**YOUR INSTRUCTIONS**
Only the lines below, from the one with "シャンデリアのついたエレガン" through the one with "CARINO BUCCIARELLI - Le symbole de l'infini", are to be written out, exactly.

**MATERIAL FOR THIS TASK**

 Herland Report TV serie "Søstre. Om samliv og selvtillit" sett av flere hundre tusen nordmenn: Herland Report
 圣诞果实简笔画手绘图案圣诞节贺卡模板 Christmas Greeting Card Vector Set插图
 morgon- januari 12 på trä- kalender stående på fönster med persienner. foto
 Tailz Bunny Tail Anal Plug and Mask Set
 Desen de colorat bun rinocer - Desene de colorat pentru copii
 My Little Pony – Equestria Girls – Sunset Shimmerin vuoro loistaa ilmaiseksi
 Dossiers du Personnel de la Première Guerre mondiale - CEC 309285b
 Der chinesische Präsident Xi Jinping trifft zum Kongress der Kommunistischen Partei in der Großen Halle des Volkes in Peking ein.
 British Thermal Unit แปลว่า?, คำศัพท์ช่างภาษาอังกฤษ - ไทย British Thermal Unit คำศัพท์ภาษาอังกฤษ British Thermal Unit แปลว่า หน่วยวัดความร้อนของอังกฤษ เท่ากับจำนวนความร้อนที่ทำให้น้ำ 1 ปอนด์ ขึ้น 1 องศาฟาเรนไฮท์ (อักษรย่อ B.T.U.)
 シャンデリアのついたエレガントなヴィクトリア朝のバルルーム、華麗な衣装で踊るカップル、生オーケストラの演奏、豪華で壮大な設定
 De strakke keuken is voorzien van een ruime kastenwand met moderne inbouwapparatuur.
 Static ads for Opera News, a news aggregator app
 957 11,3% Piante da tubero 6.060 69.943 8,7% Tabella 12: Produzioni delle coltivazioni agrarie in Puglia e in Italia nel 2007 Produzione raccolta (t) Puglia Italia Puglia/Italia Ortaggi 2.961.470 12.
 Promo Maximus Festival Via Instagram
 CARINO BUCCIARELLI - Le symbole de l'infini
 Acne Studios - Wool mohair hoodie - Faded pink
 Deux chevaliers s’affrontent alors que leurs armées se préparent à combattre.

**RESULT OF THIS EXERCISE**
 シャンデリアのついたエレガントなヴィクトリア朝のバルルーム、華麗な衣装で踊るカップル、生オーケストラの演奏、豪華で壮大な設定
 De strakke keuken is voorzien van een ruime kastenwand met moderne inbouwapparatuur.
 Static ads for Opera News, a news aggregator app
 957 11,3% Piante da tubero 6.060 69.943 8,7% Tabella 12: Produzioni delle coltivazioni agrarie in Puglia e in Italia nel 2007 Produzione raccolta (t) Puglia Italia Puglia/Italia Ortaggi 2.961.470 12.
 Promo Maximus Festival Via Instagram
 CARINO BUCCIARELLI - Le symbole de l'infini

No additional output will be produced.